[SNU CSE Industry Seminar Series] Accelerating inference efficiency at scale

Name: 백준호
Host: 유승주 교수
Date: 2025/6/05 PM 02:00 - PM 03:00
Location: 301동 203호
대표 이미지
Summary

AI agents are eating the world. As AI inference workloads surge across datacenters, modern architectures must efficiently handle diverse tensor contraction patterns. Traditional designs—relying heavily on fixed-size matrix multiplication engines—struggle to deliver the scalability and flexibility needed for today’s models.

RNGD (pronounced "Renegade"), FuriosaAI's second-generation tensor contraction processor, introduces a novel architecture built to meet these challenges. Its coarse-grained processing elements (PEs) can dynamically be configured as a single large compute unit or as multiple independent units, adapting to a wide range of tensor shapes and sizes. This flexibility ensures efficient utilization across varying inference workloads.
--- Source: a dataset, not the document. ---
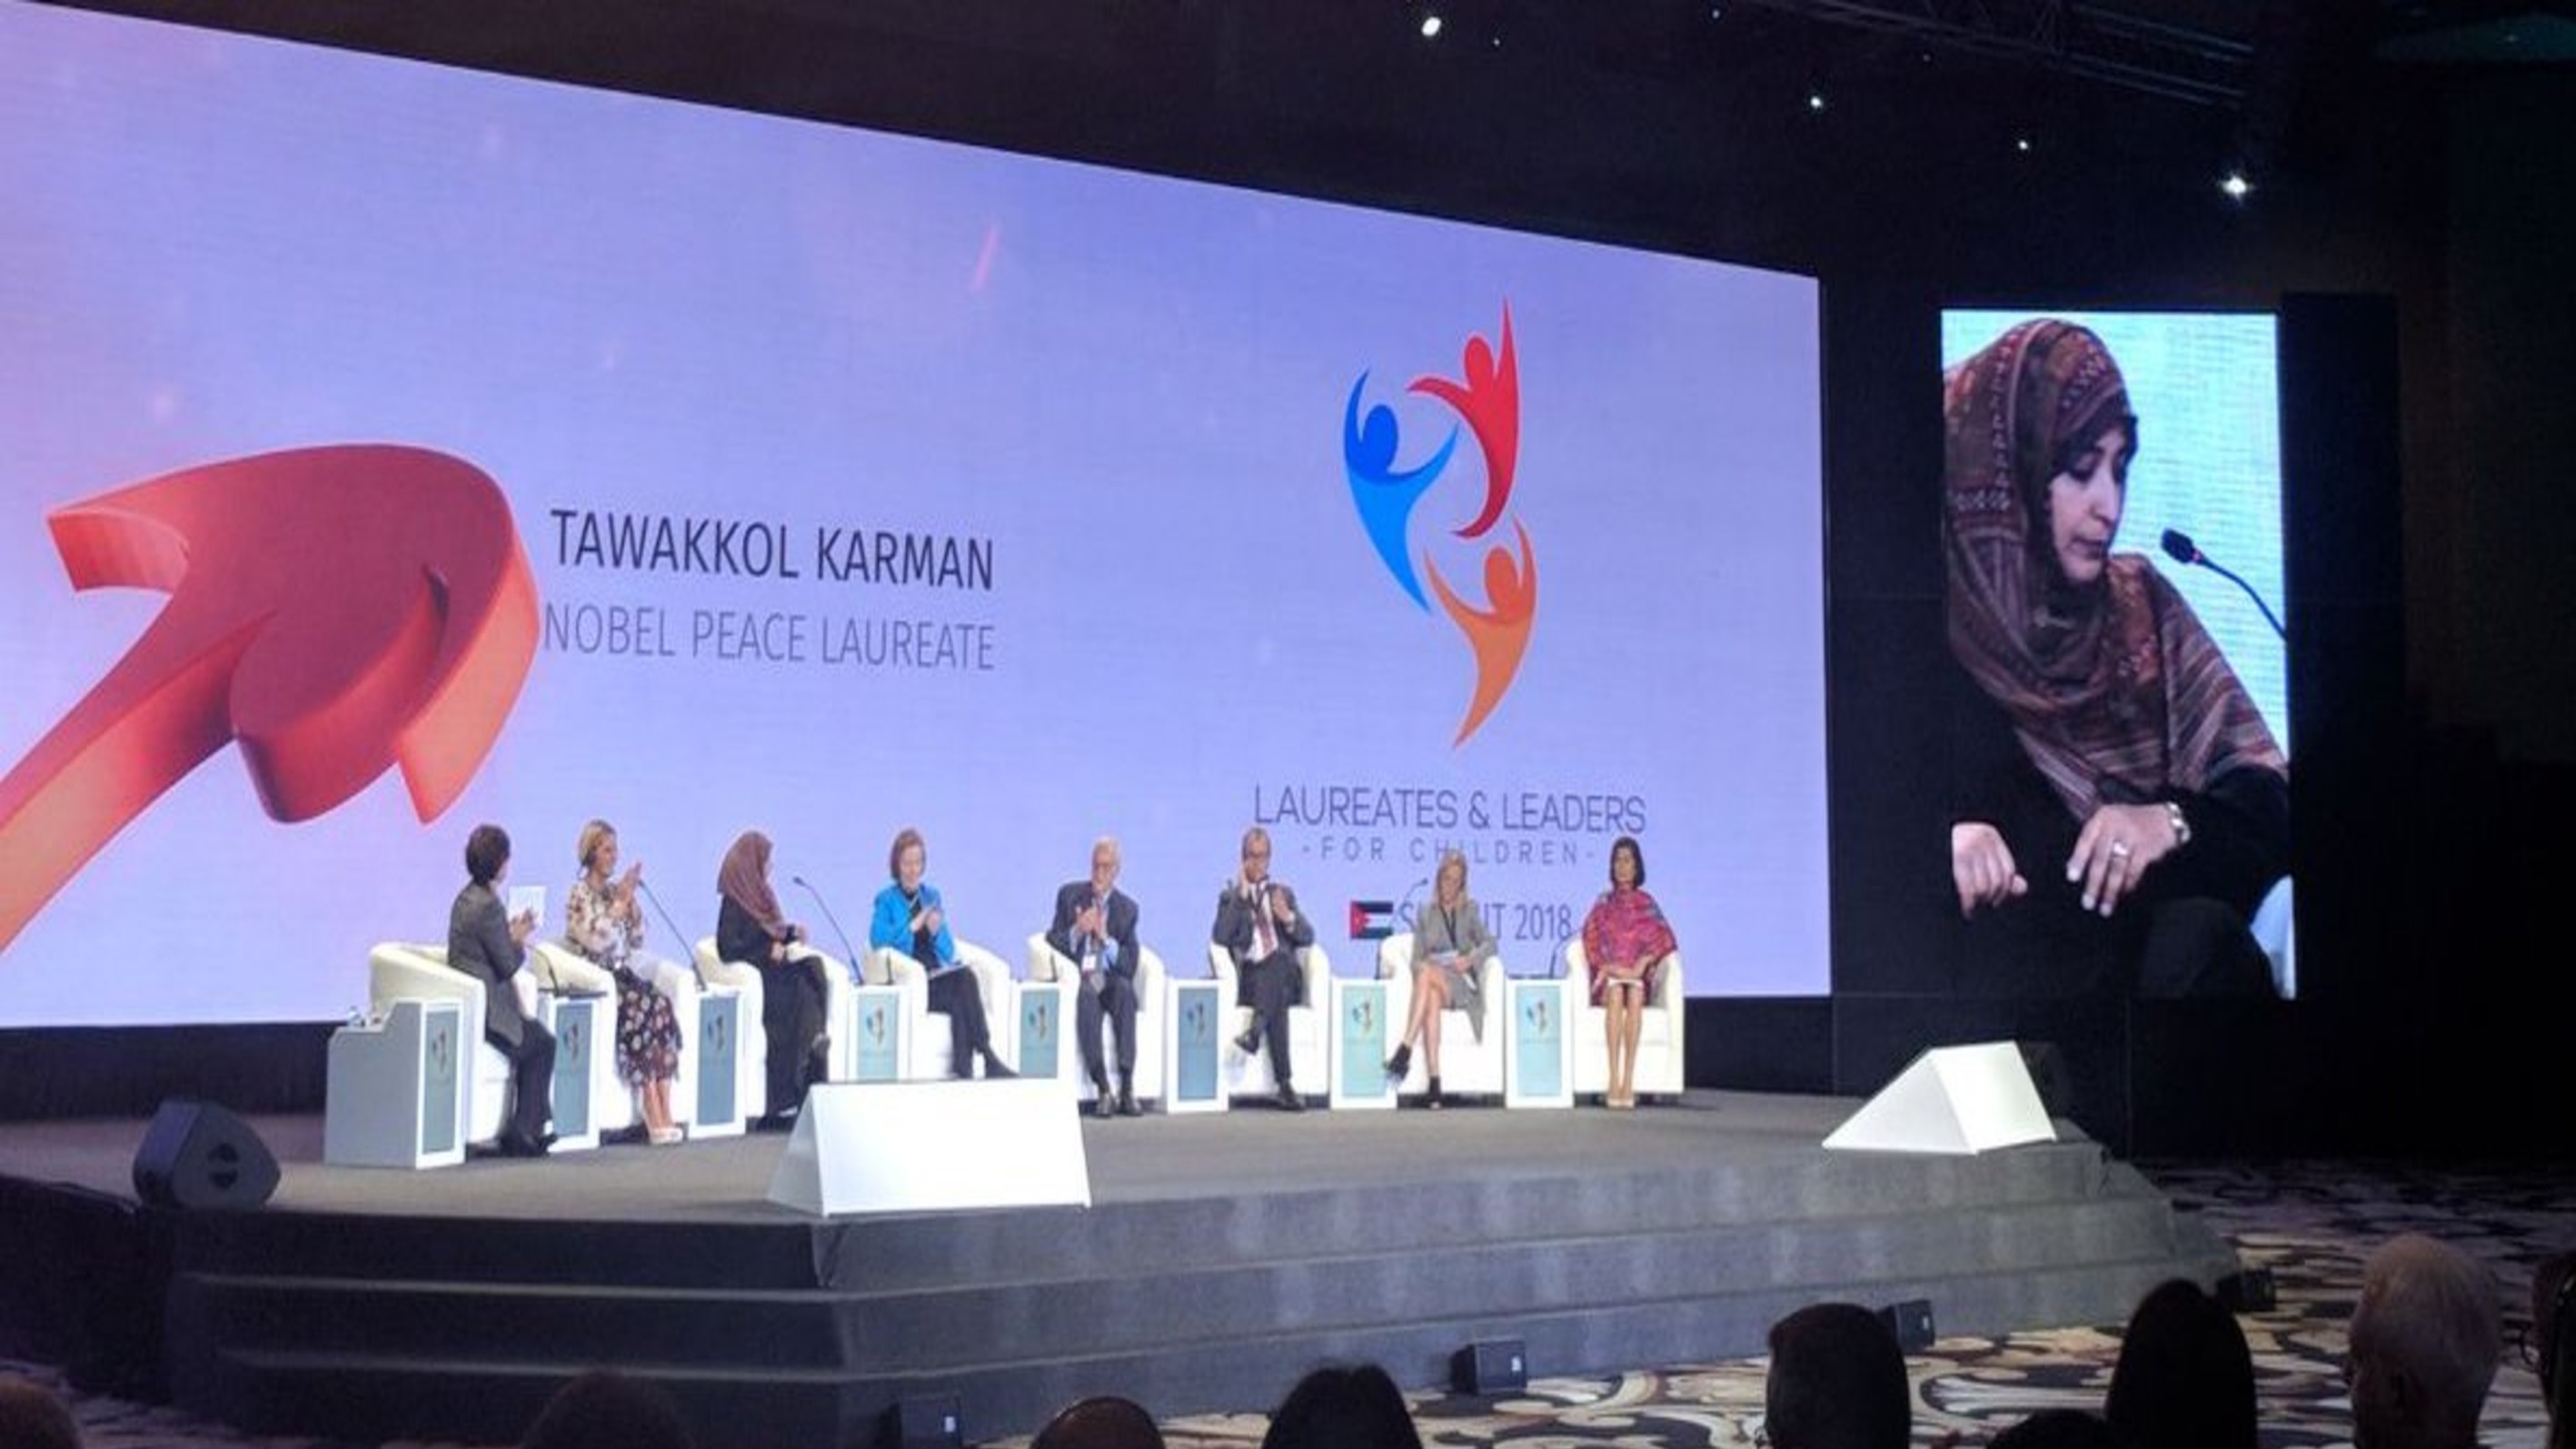 كلمة الناشطة الحائزة على جائزة نوبل للسلام توكل كرمان في قمة الحائزين على جائزة نوبل للسلام والقادة من أجل الأطفال 2018 - البحر الميت/الأردن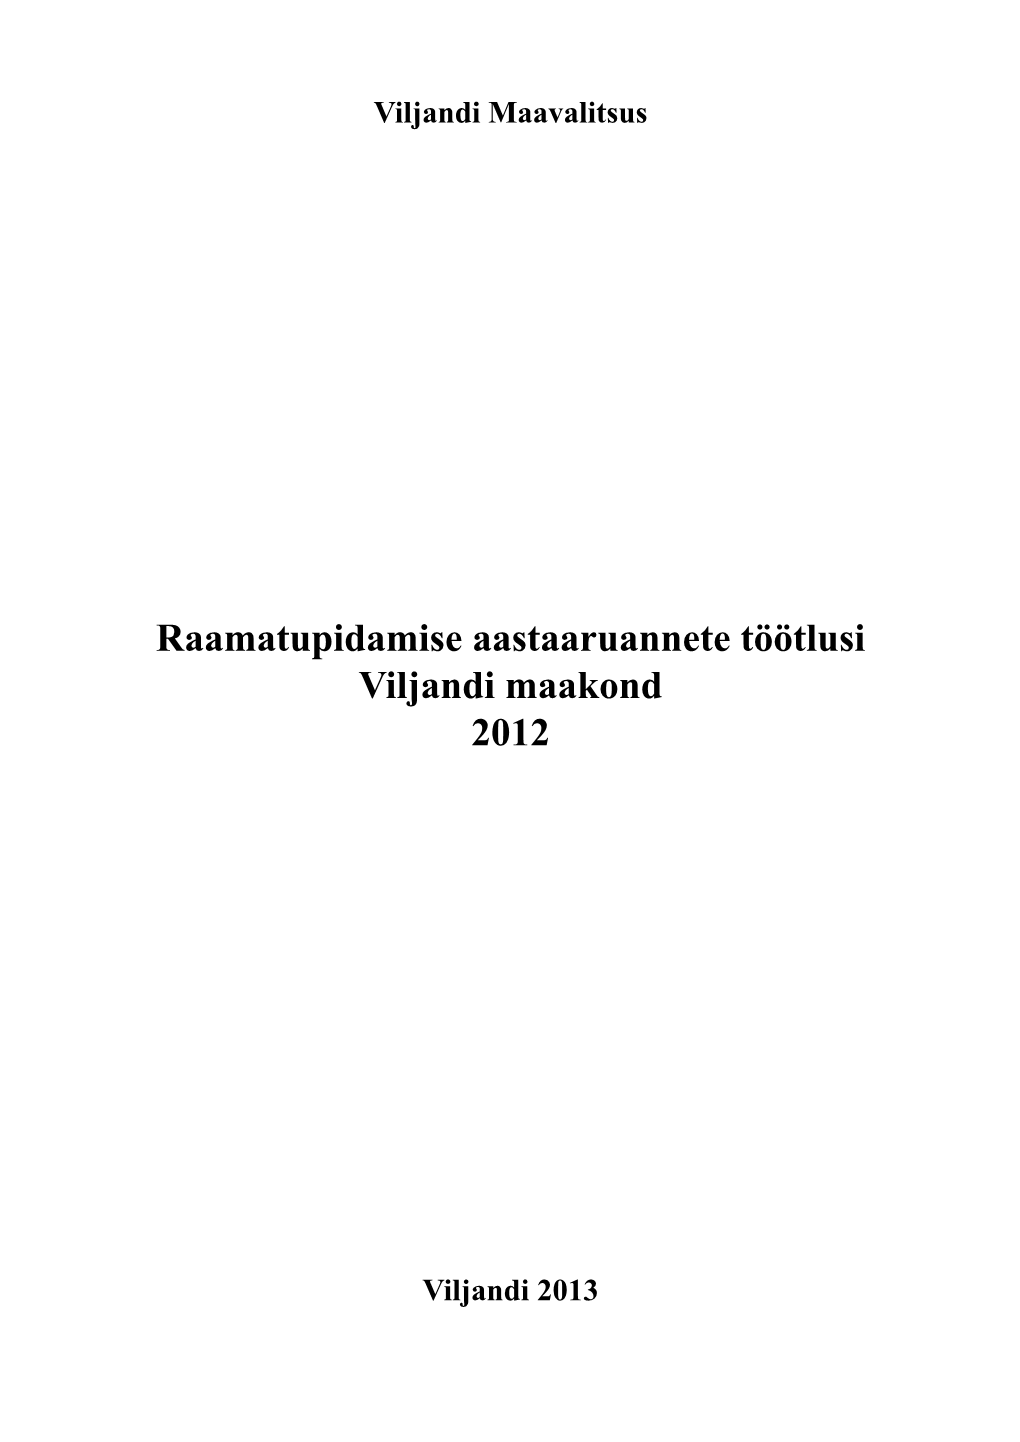 Raamatupidamise Aastaaruannete Töötlusi Viljandi Maakond 2012

RNGD incorporates several key architectural innovations to maximize performance and efficiency, including a circuit switch-based fetch network, input broadcasting, and buffer-based reuse mechanisms that reduce memory bandwidth pressure and improve data locality. These features collectively enable high throughput and energy-efficient computation, making RNGD a compelling solution for sustainable AI inference at scale.

Speaker Introduction

Furiosa AI CEO